3:50 pm on April 17th, 2009 57
Here’s my SQL version for Informix 7.20!
CREATE TEMP TABLE t_diamond(
t_aRow CHAR (40))
WITH NO LOG;
CREATE PROCEDURE diamond (userInput CHAR (1))
DEFINE p_alphabet CHAR (26);
DEFINE p_aLetter CHAR (1);
DEFINE i, p_noOfLetters, p_rowNumber, p_direction INT;
DEFINE p_line CHAR (40);
LET p_alphabet = “ABCDEFGHIJKLMNOPQRSTUVWXYZ”;
LET p_aLetter = “A”;
LET i = 1;
– Work out which letter has been entered
WHILE userInput != p_aLetter
LET p_aLetter = substr(p_alphabet,i, i + 1);
LET i = i + 1;
END WHILE
LET p_noOfLetters = i – 1;
LET p_rowNumber = 0;
LET p_direction = 1;
LET p_line = “”;
– First and last line
WHILE p_rowNumber >= 0
LET p_line = substr(p_line,0 , p_noOfLetters – p_rowNumber) || substr(p_alphabet, p_rowNumber, 1);
— Top half of diamond
IF p_rowNumber > 0 THEN
LET p_line = substr(p_line,0 , p_noOfLetters – p_rowNumber) || substr(p_alphabet, p_rowNumber + 1, 1);
LET p_line = substr(p_line,0, p_noOfLetters + p_rowNumber) || substr(p_alphabet, p_rowNumber + 1, 1);
END IF
— Bottom half of diamond
IF p_rowNumber = p_noOfLetters – 1 THEN
LET p_line = substr(p_line,0 , p_noOfLetters – p_rowNumber) || substr(p_alphabet, p_rowNumber + 1, 1);
LET p_line = substr(p_line,0, p_noOfLetters + p_rowNumber) || substr(p_alphabet, p_rowNumber + 1, 1);
LET p_direction = -1;
END IF
INSERT INTO t_diamond VALUES (p_line);
LET p_line = “”;
LET p_rowNumber = p_rowNumber + p_direction;
END WHILE
END PROCEDURE;
EXECUTE PROCEDURE diamond(“E”);
UNLOAD TO ‘diamond.txt’ DELIMITER ‘ ‘
SELECT * FROM t_diamond;
DROP TABLE t_diamond;
4:48 pm on April 17th, 2009 58
Here’s another J entry implementation.
seq=: i.&.(-&65)@>:&.(a.&i.)
diam=: [: (,~ |.@}.)"1 [: ]/. (, ,.@}.)&.|.@seq
example use (but remember to convert quotes back to single quotes).
diam’B’
note also, seq’E’ would produce the result
ABCDE
note that much the complexity of seq has to do with the structure of ascii — this would be somewhat simpler if the domain were numbers, with 0 being used for padding, instead of spaces.

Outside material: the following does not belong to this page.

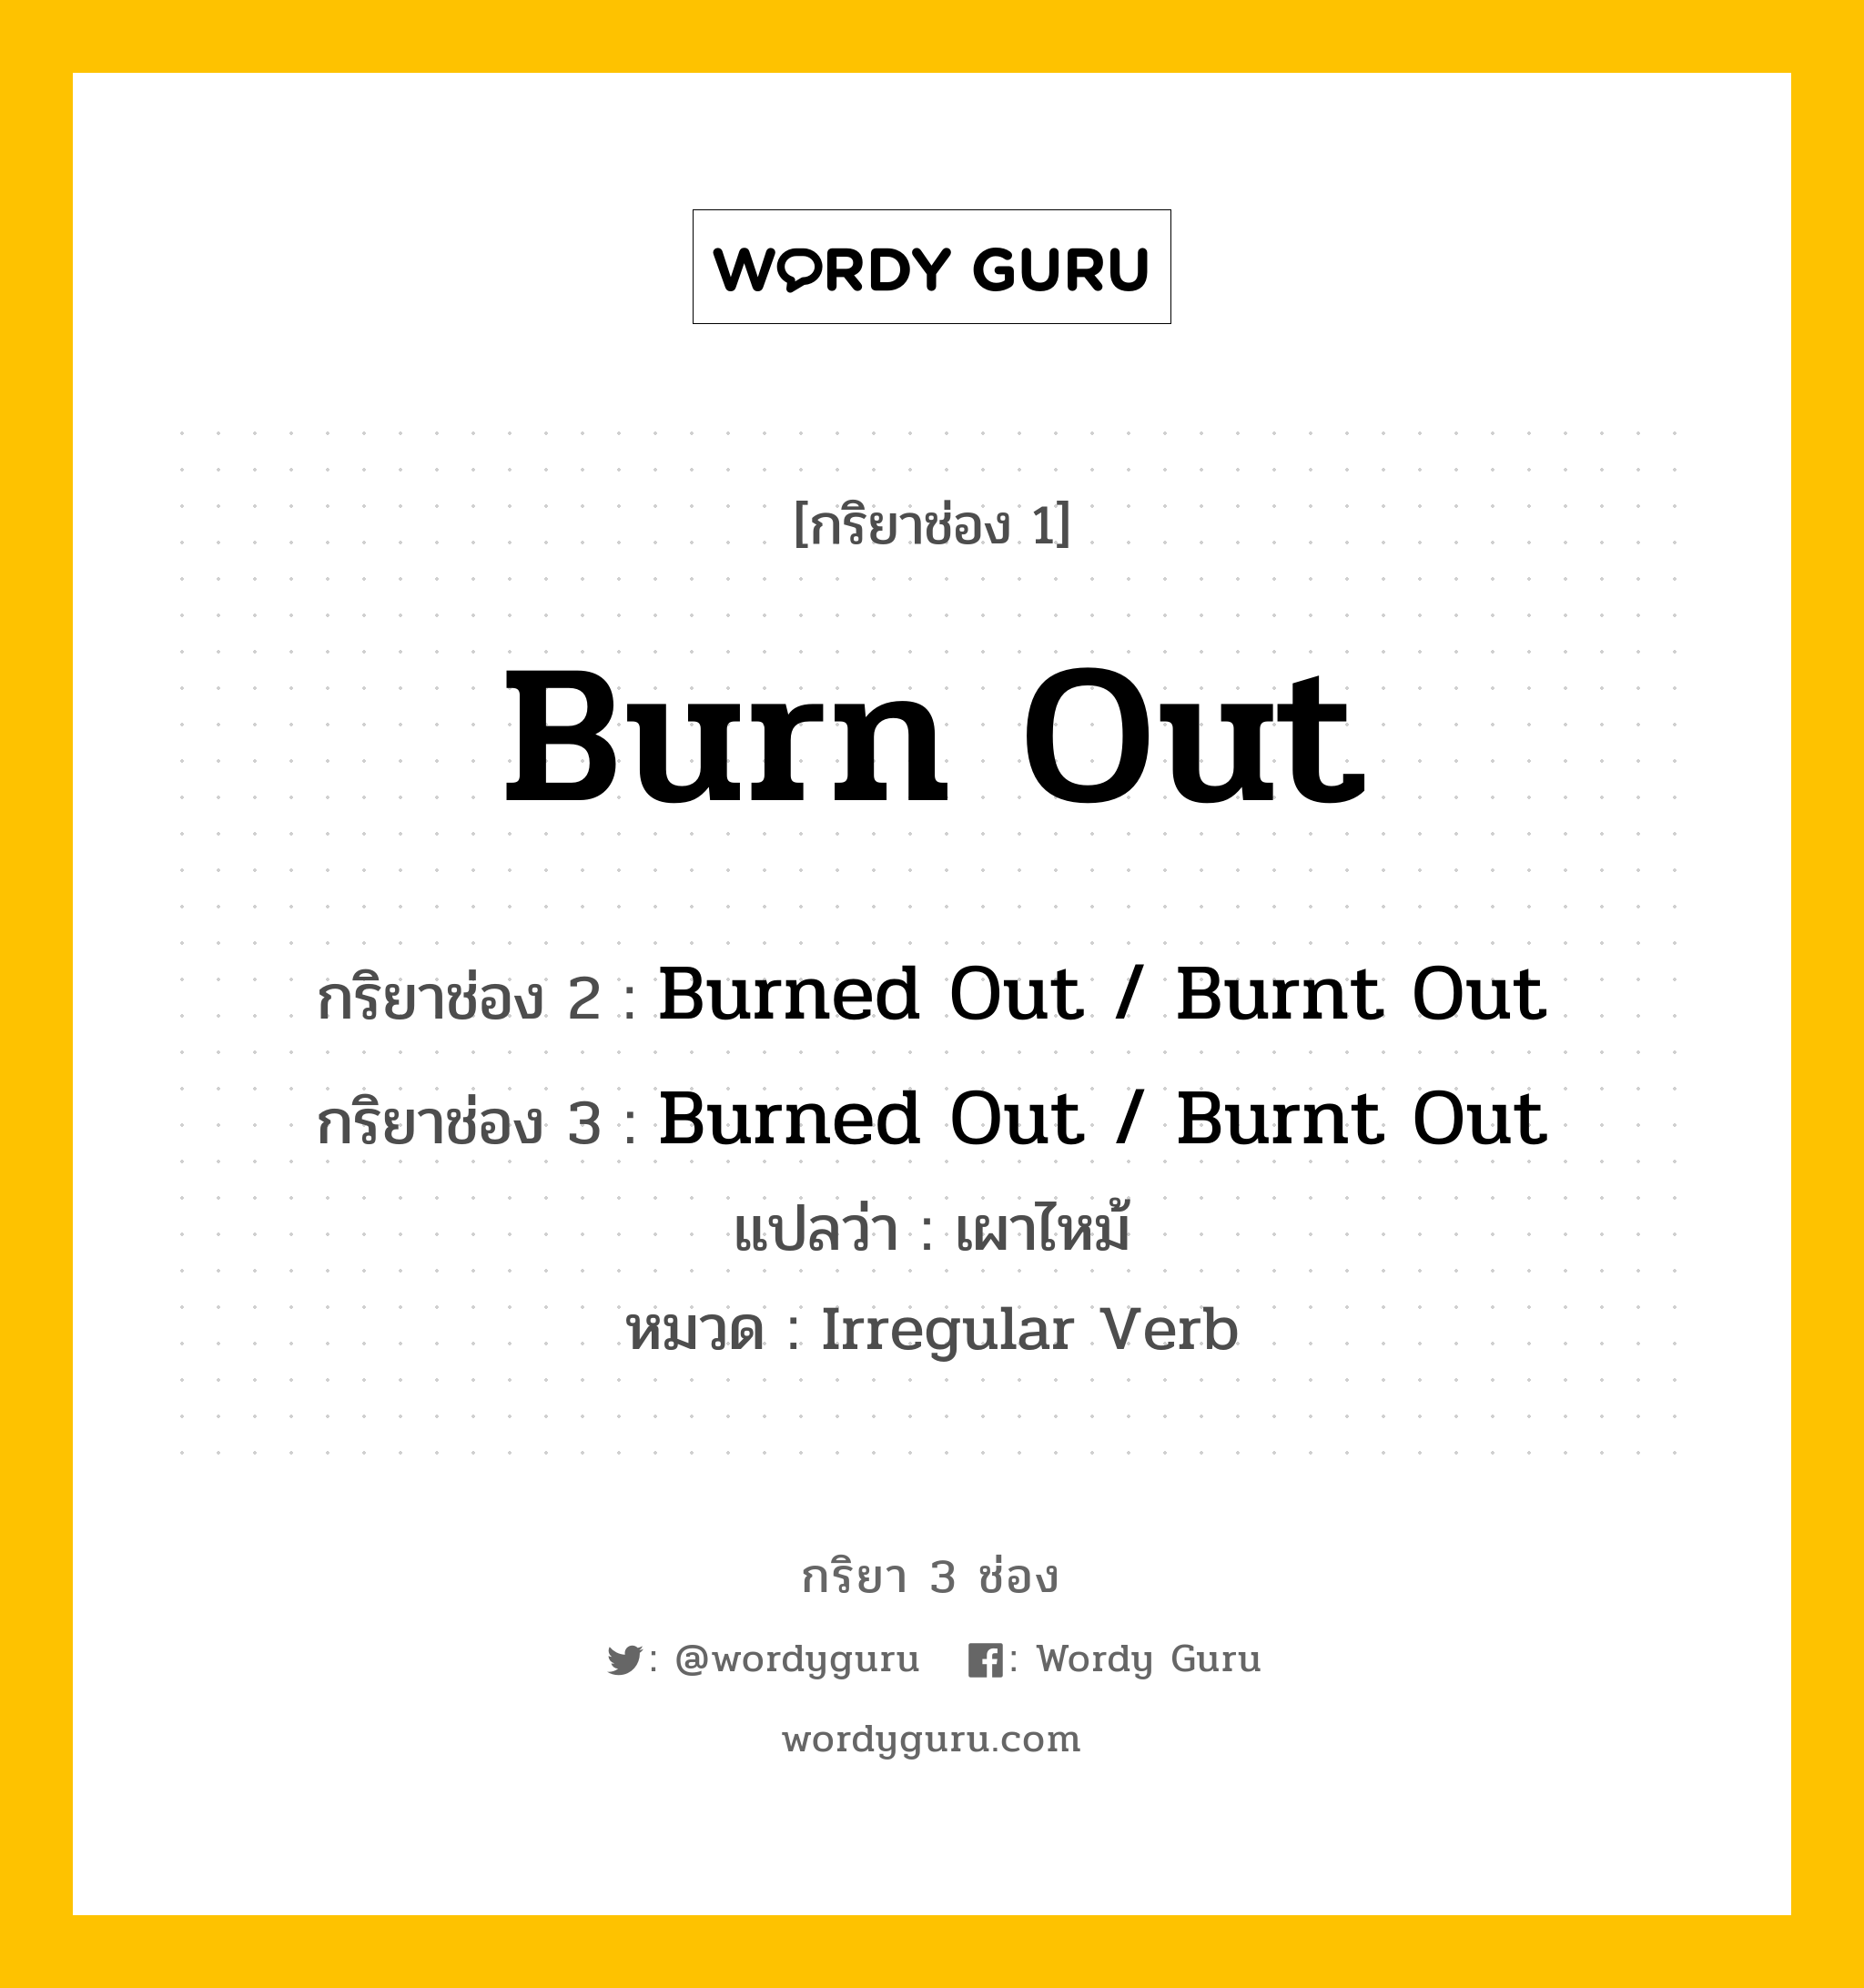 กริยา 3 ช่อง: Burn Out ช่อง 2 Burn Out ช่อง 3 คืออะไร, กริยาช่อง 1 Burn Out กริยาช่อง 2 Burned Out / Burnt Out กริยาช่อง 3 Burned Out / Burnt Out แปลว่า เผาไหม้ หมวด Irregular Verb หมวด Irregular Verb

5:10 pm on April 17th, 2009 59
Alternatively the problem would be simpler (and the result more generic) if the entire sequence of letters were specified as input.
I did not post any documentation, because this problem seems fairly simple and for the most part a person just needs to understand J’s primitives (http://www.jsoftware.com/help/dictionary/vocabul.htm) and grammar.
However for people struggling with the language: (, ,.@}.)&.|.@seq ‘E’ produces an L shaped arrangement of letters, and ]/. rotates it 45 degrees, and (,~ |.@}.)”1 mirrors this half diamond to make a full diamond. The [: are, in essence, punctuation.
6:44 pm on April 17th, 2009 60
Actually… ]/. mirrors and rotates in 45 degrees. Using . for some spaces to defeat html’s suppression of extraneous white space,
(, ,.@}.)&.|.@seq ‘E’
A
B
C
D
EDCBA
]/.(, ,.@}.)&.|.@seq ‘E’
A
.B
..C
…D
….E
…D
..C
.B
A
To get an idea of the mirroring involved, here’s some incremental representations of the intermediate result:
(, ,.@}.)seq ‘E’
ABCDE
B
C
D
E
(, ,.@}.)|.seq ‘E’
EDCBA
D
C
B
A
|.(, ,.@}.)|.seq ‘E’
A
B
C
D
EDCBA
But I use F&.|. instead |.F|. because the former is a single verb phrase while the latter is merely a run-on sequence of verbs.
(Sorry, I should probably stop explaining, but I keep noticing areas where my initial treatment was inadequate.)
7:50 pm on April 17th, 2009 61
@RDM – I am very grateful for your explanations as are other readers too I would imagine!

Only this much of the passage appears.